> YOUR GOAL:
Skip the pictures. Transcribe the rest of the data below without changing a word.

Dataset entries:
★ ★ ★

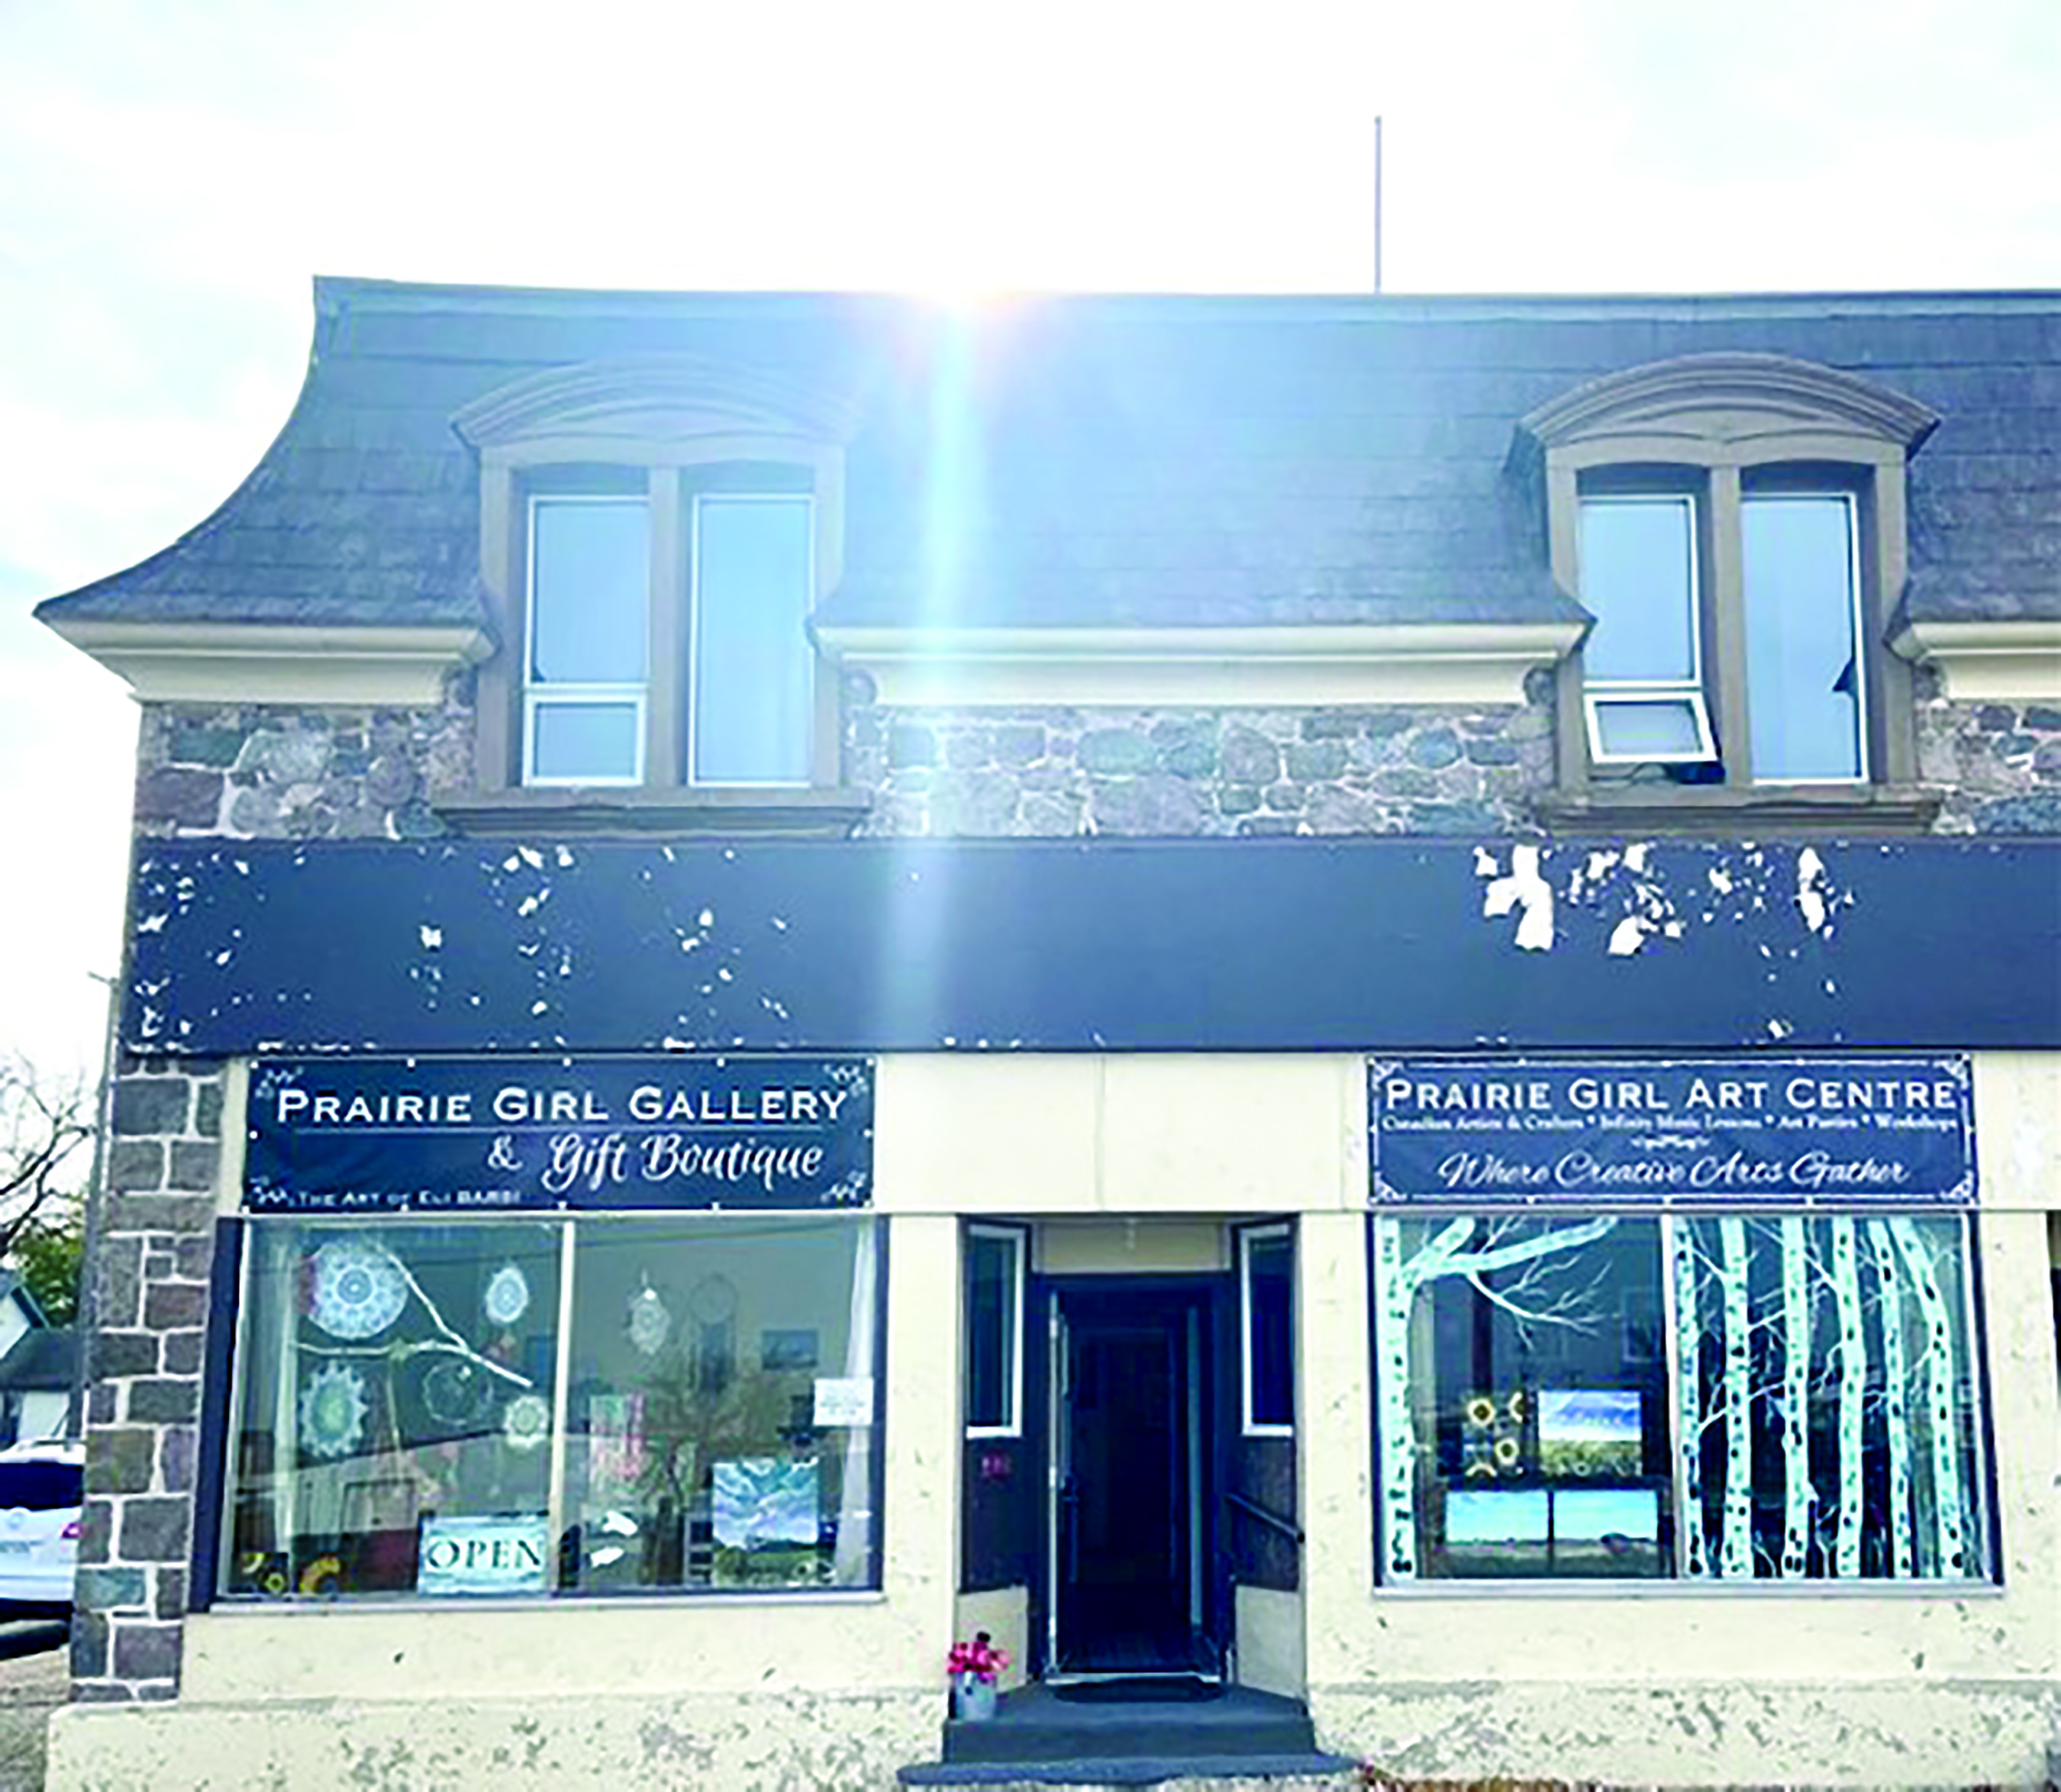 The Prairie Girl Gallery and Gift Boutique and the<br />
Prairie Girl Art Centre in the historic McNaughton Building.
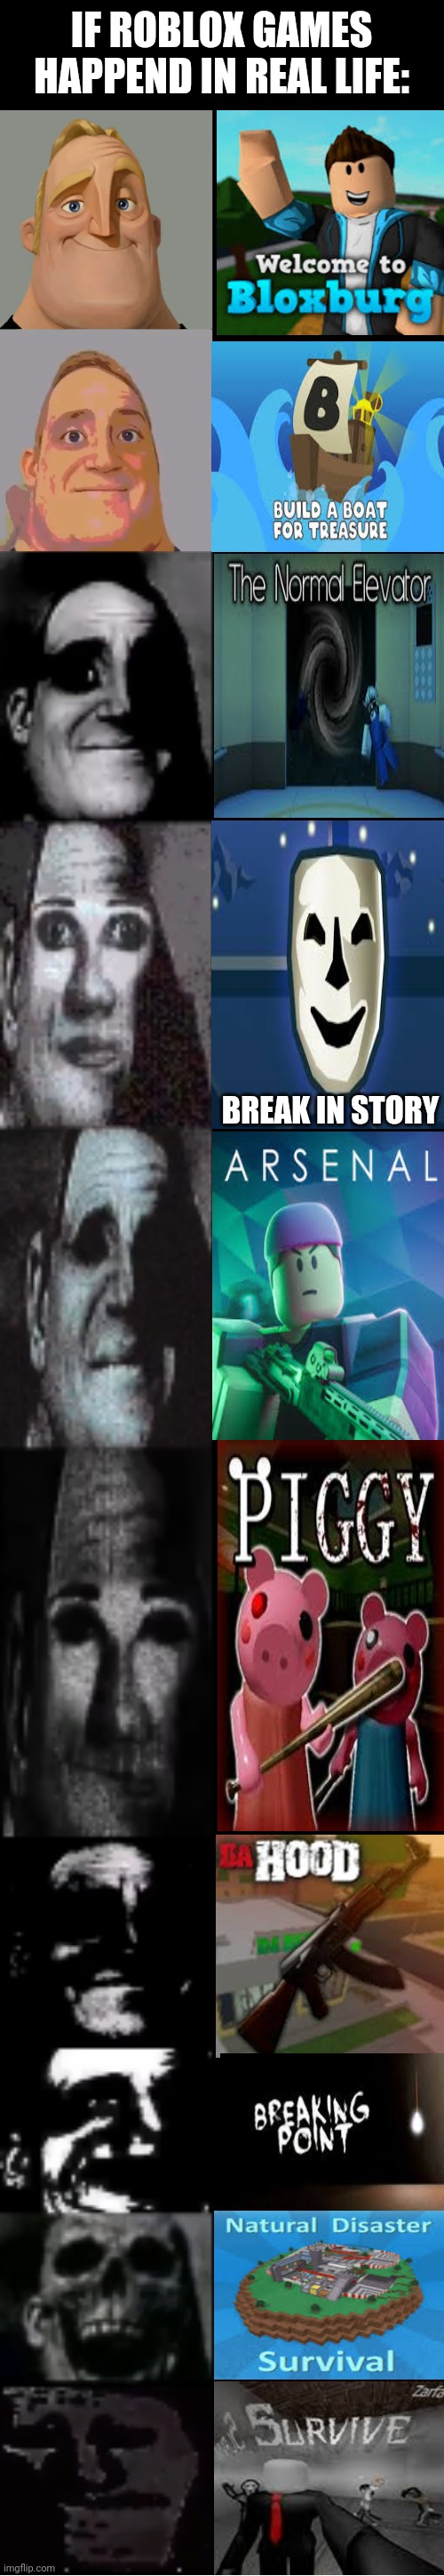 I made a Mr. Incredible becoming uncanny meme! (Sorry if it's
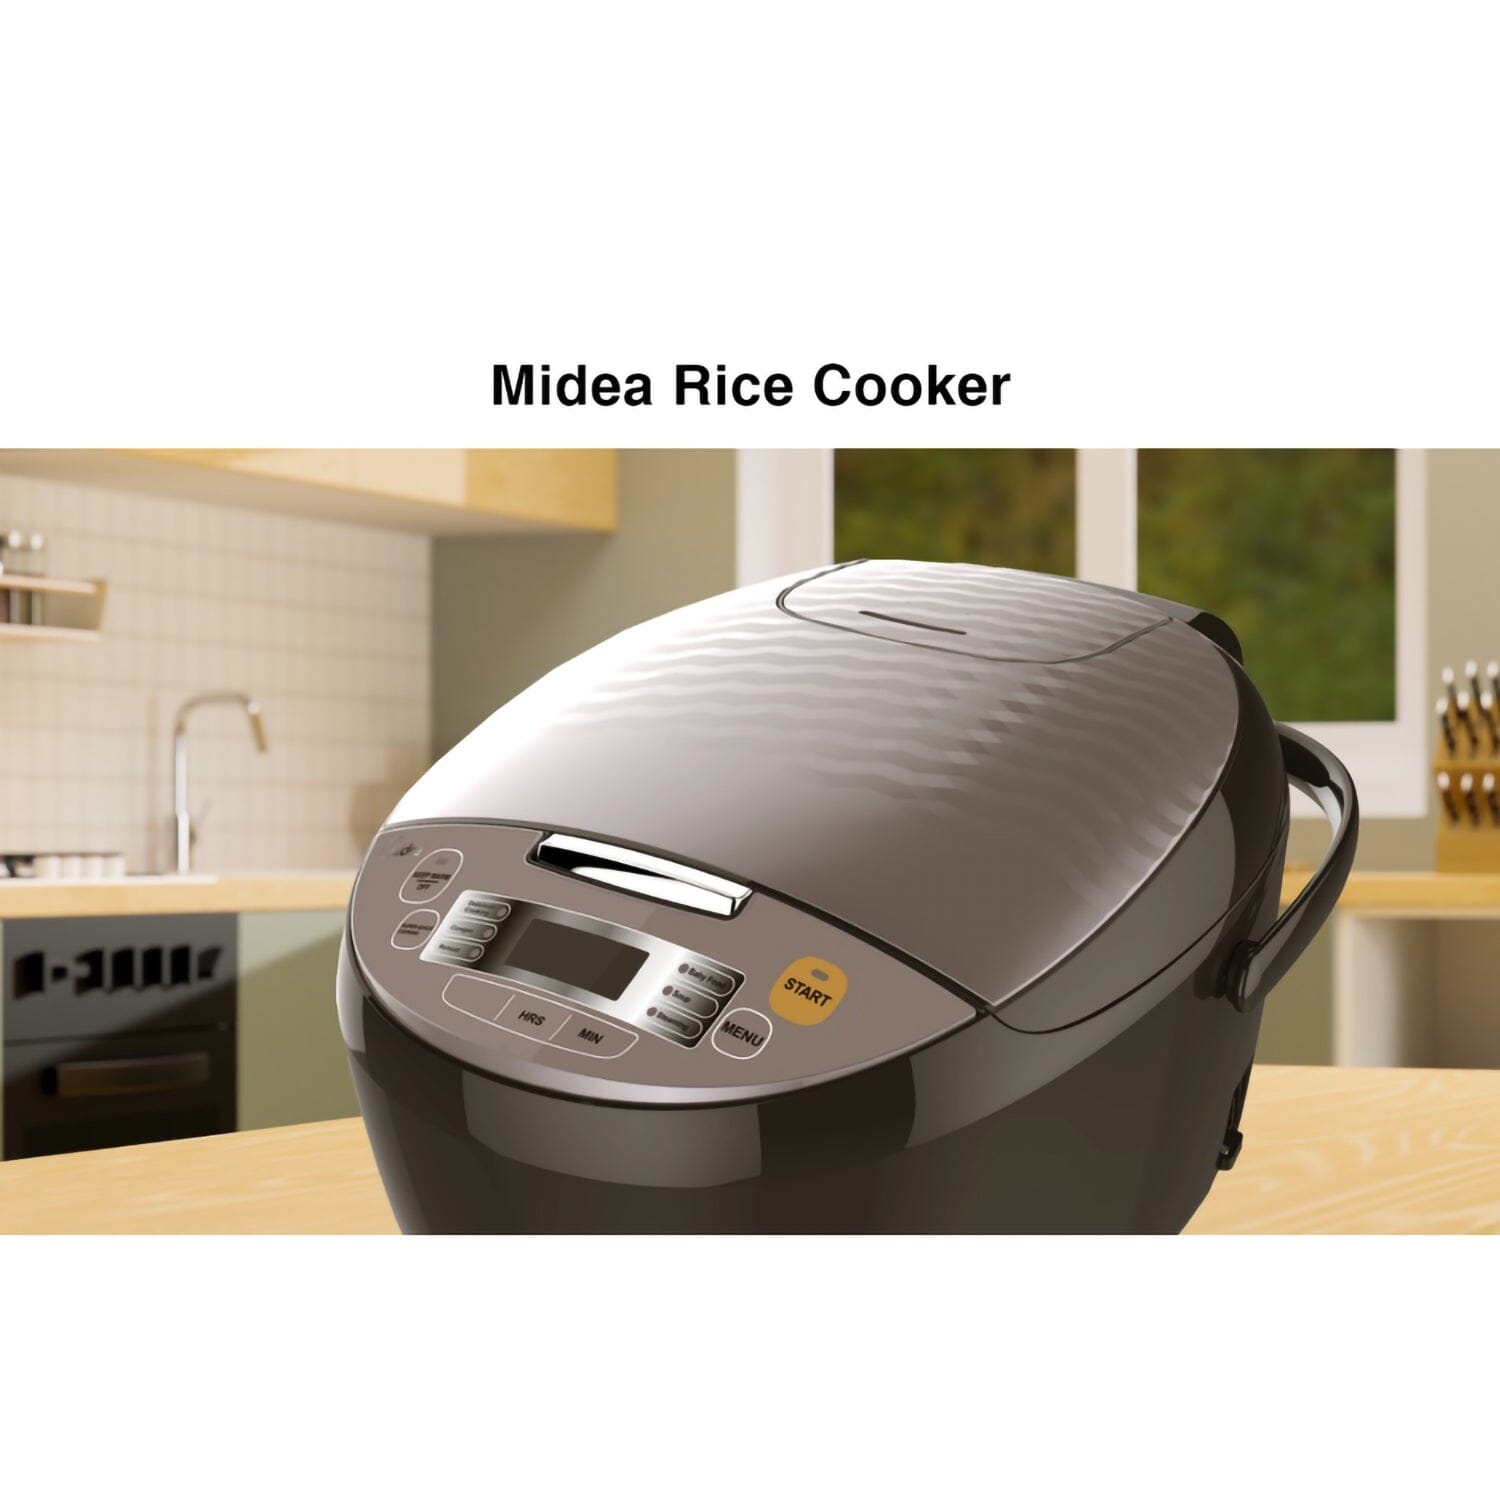 https://cdn.shopify.com/s/files/1/0113/9733/3049/products/midea-18l-automatic-keep-warm-function-rice-cooker-blackmmr5018-midea-538997.jpg?v=1672843254&width=1500
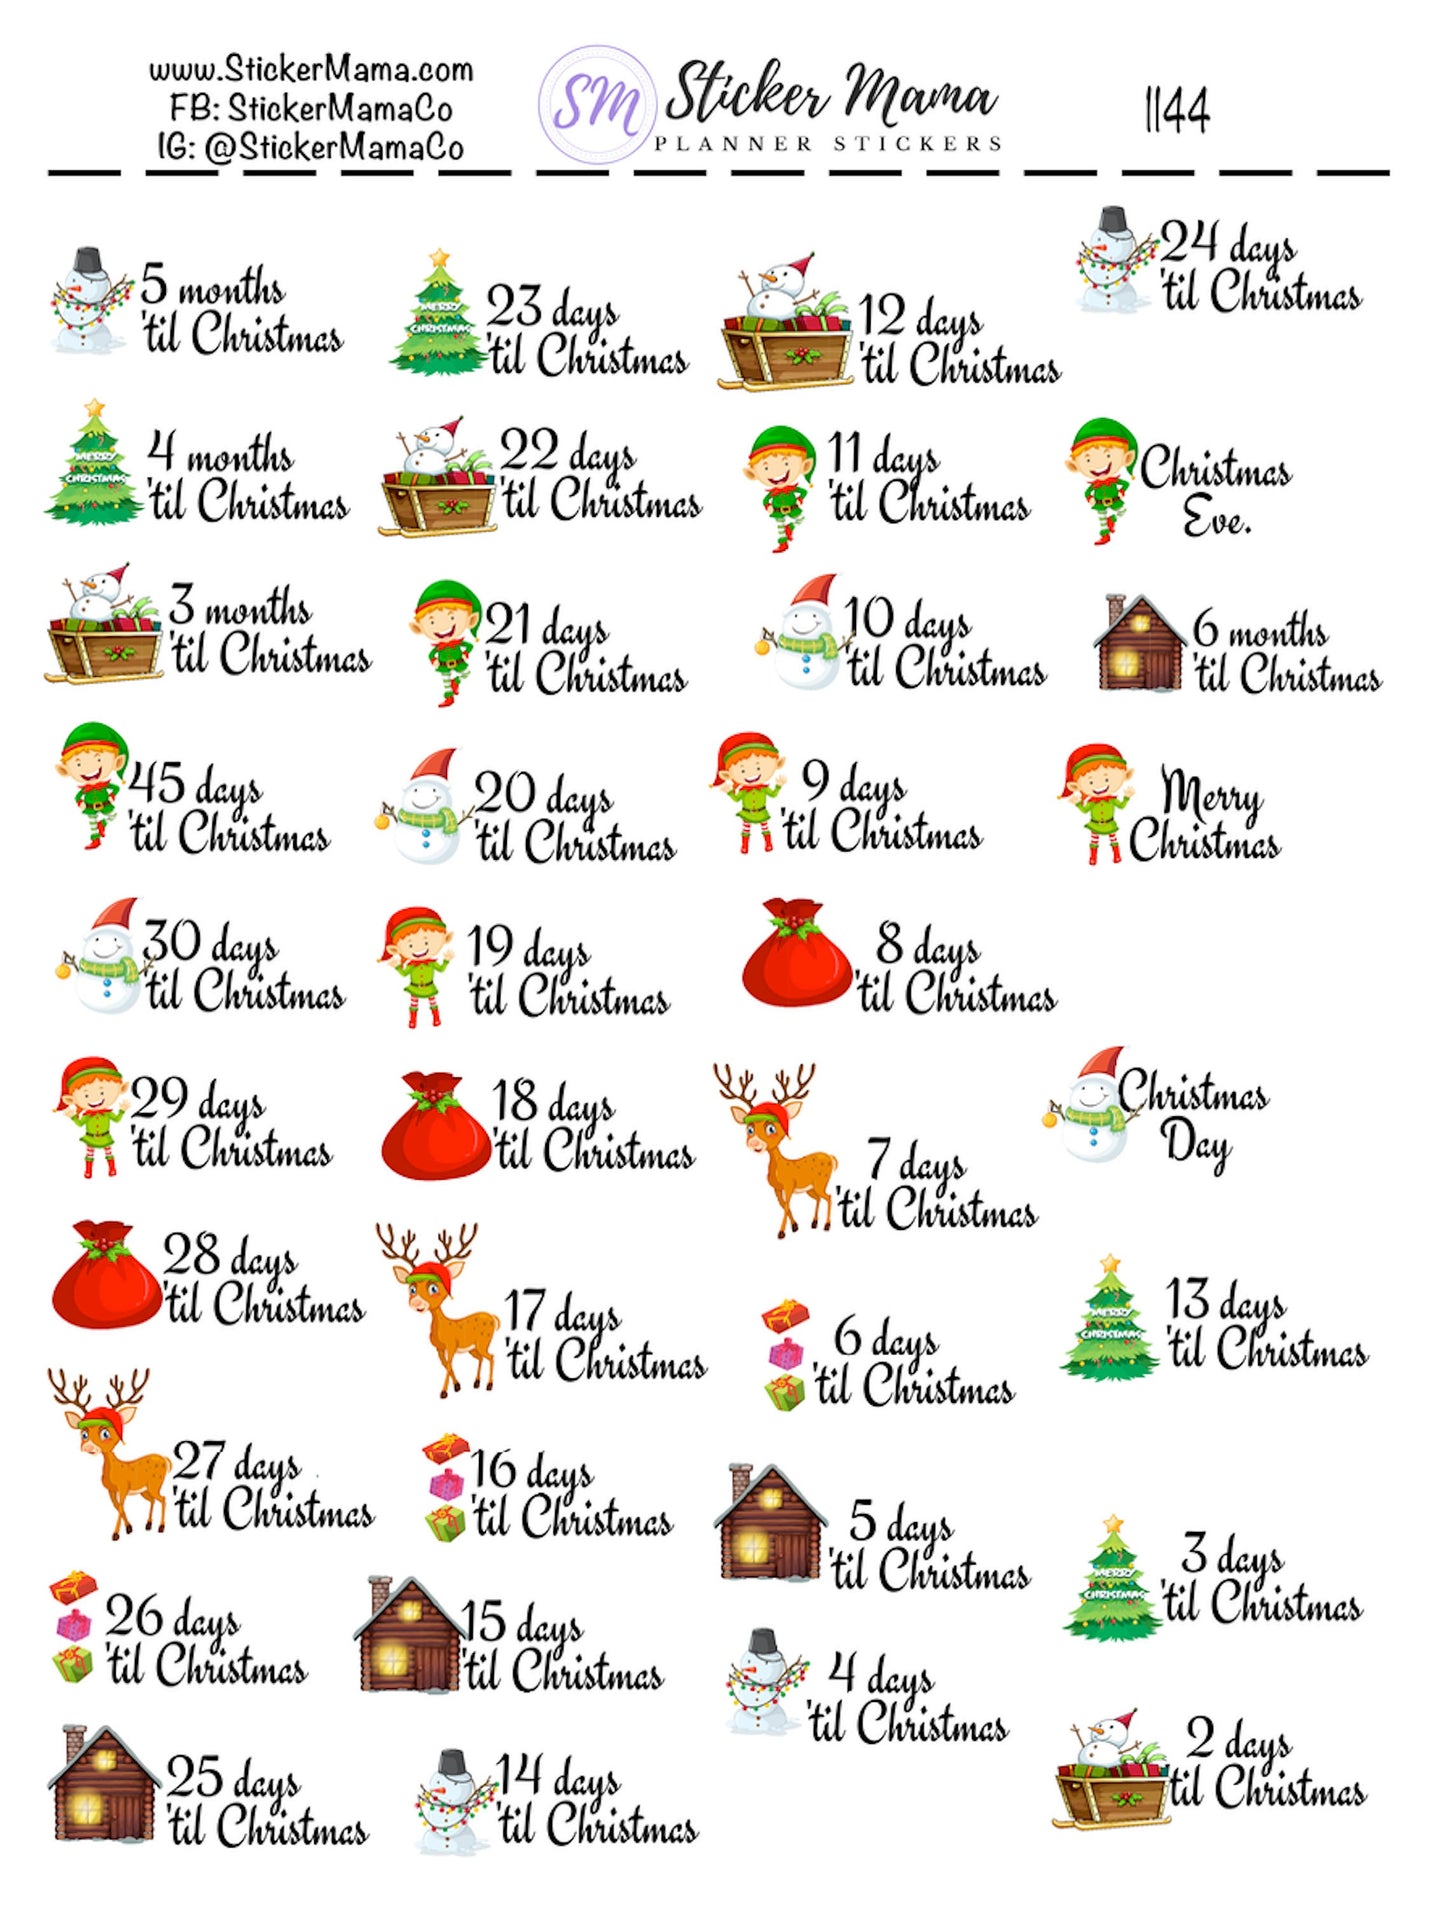 1144 - CHRISTMAS COUNTDOWN STICKERS - Christmas Stickers - Planner Stickers

★ ★ ★

> REPLY TO THE EXERCISE:
 The Prairie Girl Gallery and Gift Boutique and the<br />
Prairie Girl Art Centre in the historic McNaughton Building.
 I made a Mr. Incredible becoming uncanny meme! (Sorry if it's
 https://cdn.shopify.com/s/files/1/0113/9733/3049/products/midea-18l-automatic-keep-warm-function-rice-cooker-blackmmr5018-midea-538997.jpg?v=1672843254&width=1500
 1144 - CHRISTMAS COUNTDOWN STICKERS - Christmas Stickers - Planner Stickers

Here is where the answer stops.